Ce même article 6, § 1er, VIII, de la loi spéciale de réformes institutionnelles contient toutefois aussi une série d'exceptions qui restent par conséquent de la compétence de l'autorité fédérale. L'organisation des services d'incendie relève de ces exceptions. La présente proposition transfère par conséquent l'organisation des services d'incendie aux régions, pour permettre la mise en œuvre d'une politique uniforme conjointement avec le reste de l'organisation et du fonctionnement des institutions communales.

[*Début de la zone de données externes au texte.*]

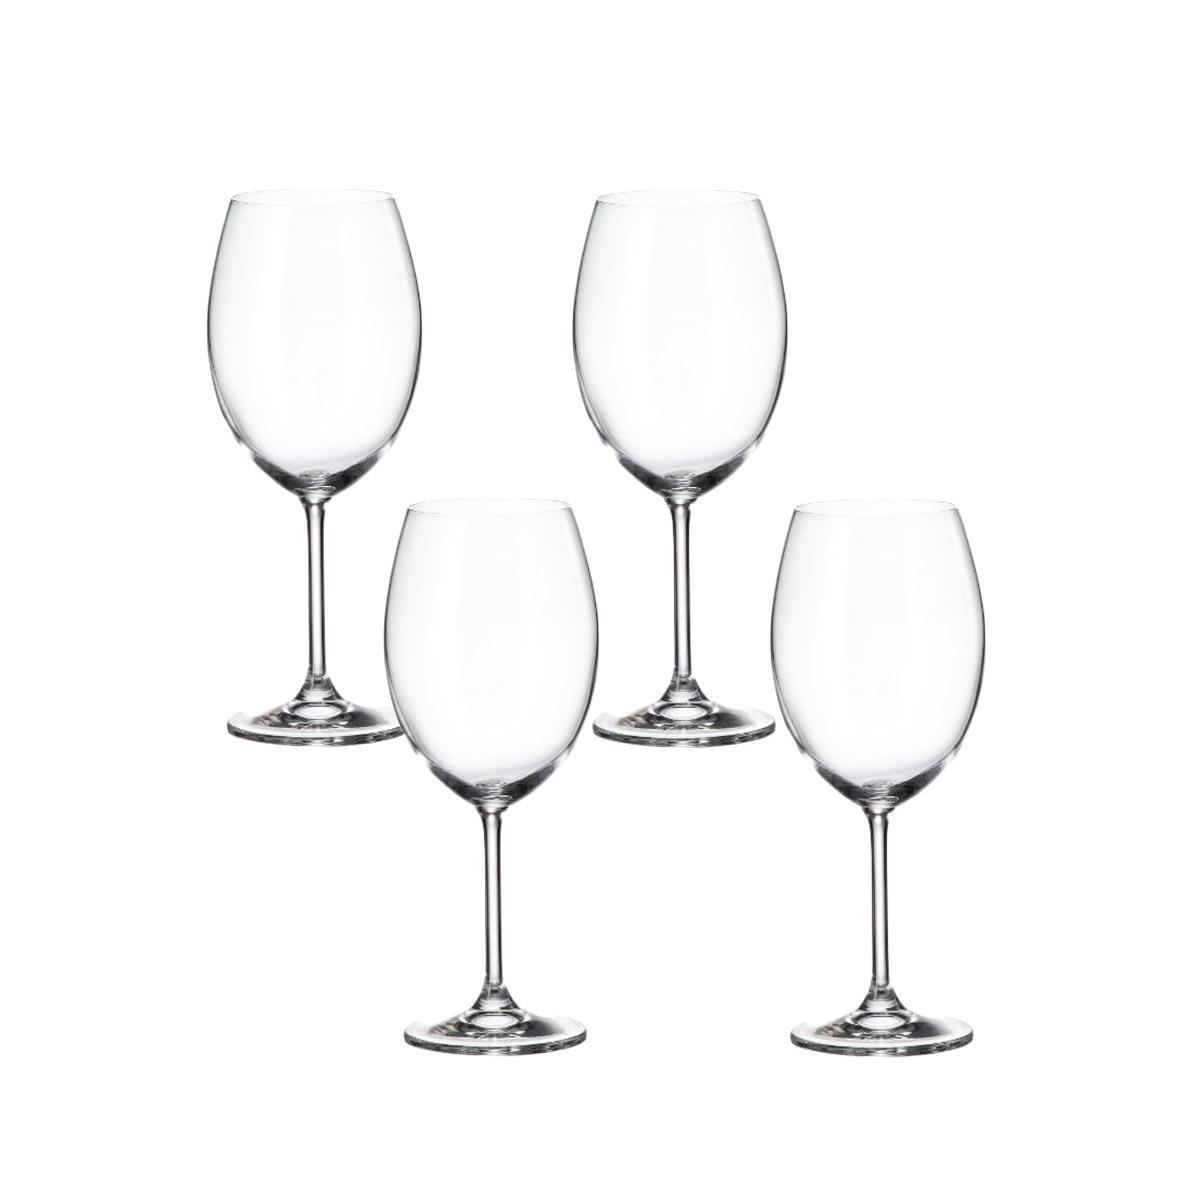 Jogo 4 Taça para Degustação de Vinho Cristal Ecológico 580 ml  - Lemis

Ce transfert présente également des avantages pour le statut du personnel. Actuellement, les pompiers font partie du personnel communal. Différents conflits de compétence s'étant déjà produits dans le passé, le transfert des services incendie aux régions pourrait mettre fin à ces problèmes qui resurgissent constamment. À titre d'exemple, on citera la problématique du pécule de vacances ou l'octroi du congé préalable à la retraite. Si la compétence relative à ce personnel est attribuée aux régions, celles-ci pourront édicter des règles plus en harmonie avec celles édictées à l'égard du reste du personnel communal. Actuellement, la distinction qui existe par exemple entre, d'une part, le personnel de la police locale — qui dispose d'un statut fédéral et est soumis à diverses autres dispositions — et, d'autre part, le personnel communal, suscite de très nombreuses tensions. Si le personnel des services d'incendie devait aujourd'hui obtenir également un autre statut au niveau fédéral — avec d'autres conditions et acquis —, cela accentuerait encore la pression sur le statut du personnel communal.

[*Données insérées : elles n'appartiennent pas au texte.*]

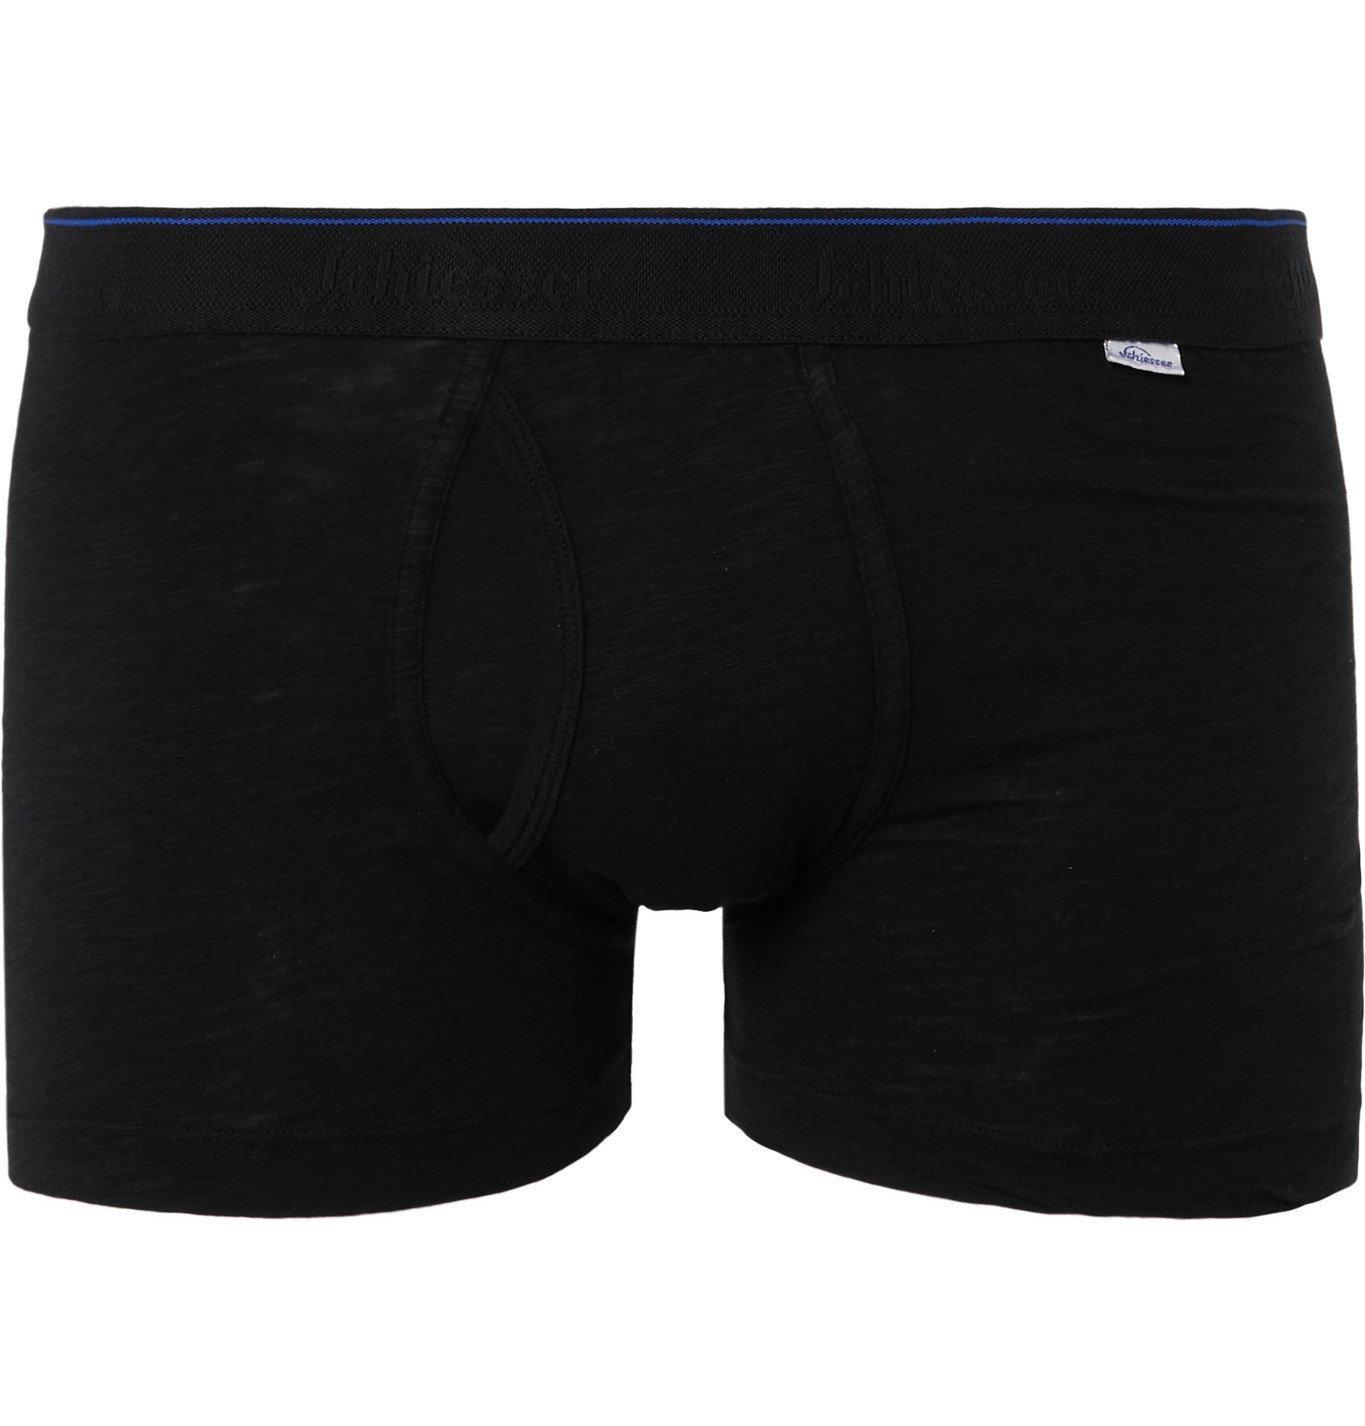 Schiesser - Hanno Stretch Cotton-Jersey Boxer Briefs - Black

Les régions sont également, et dans une large mesure, compétentes en matière d'environnement et de politique de l'eau. La lutte contre la pollution et contre la libération de substances dangereuses est désormais devenue une des tâches principales des services d'incendie. Non seulement la fixation de normes, mais également la proaction, la prévention, la préparation, l'exécution et l'évaluation en matière d'environnement et de politique de l'eau relèveraient ainsi du même niveau de compétence.

Pour pouvoir mener une politique cohérente dans tous ces domaines, le transfert des services d'incendie aux régions est la meilleure solution.

Wouter BEKE.
Jan STEVERLYNCK.
Hugo VANDENBERGHE.
Sabine de BETHUNE.
Mia DE SCHAMPHELAERE.

PROPOSITION DE LOI SPÉCIALE


Article 1er

La présente loi règle une matière visée à l'article 77 de la Constitution.

Art. 2

Dans l'article 6, § 1er, VIII, 1er, quatrième tiret, de la loi spéciale du 8 août 1980 de réformes institutionnelles, les mots « , et aux services d'incendie » sont supprimés.

22 mars 2007.

Wouter BEKE.
Jan STEVERLYNCK.
Hugo VANDENBERGHE.
Sabine de BETHUNE.
Mia DE SCHAMPHELAERE.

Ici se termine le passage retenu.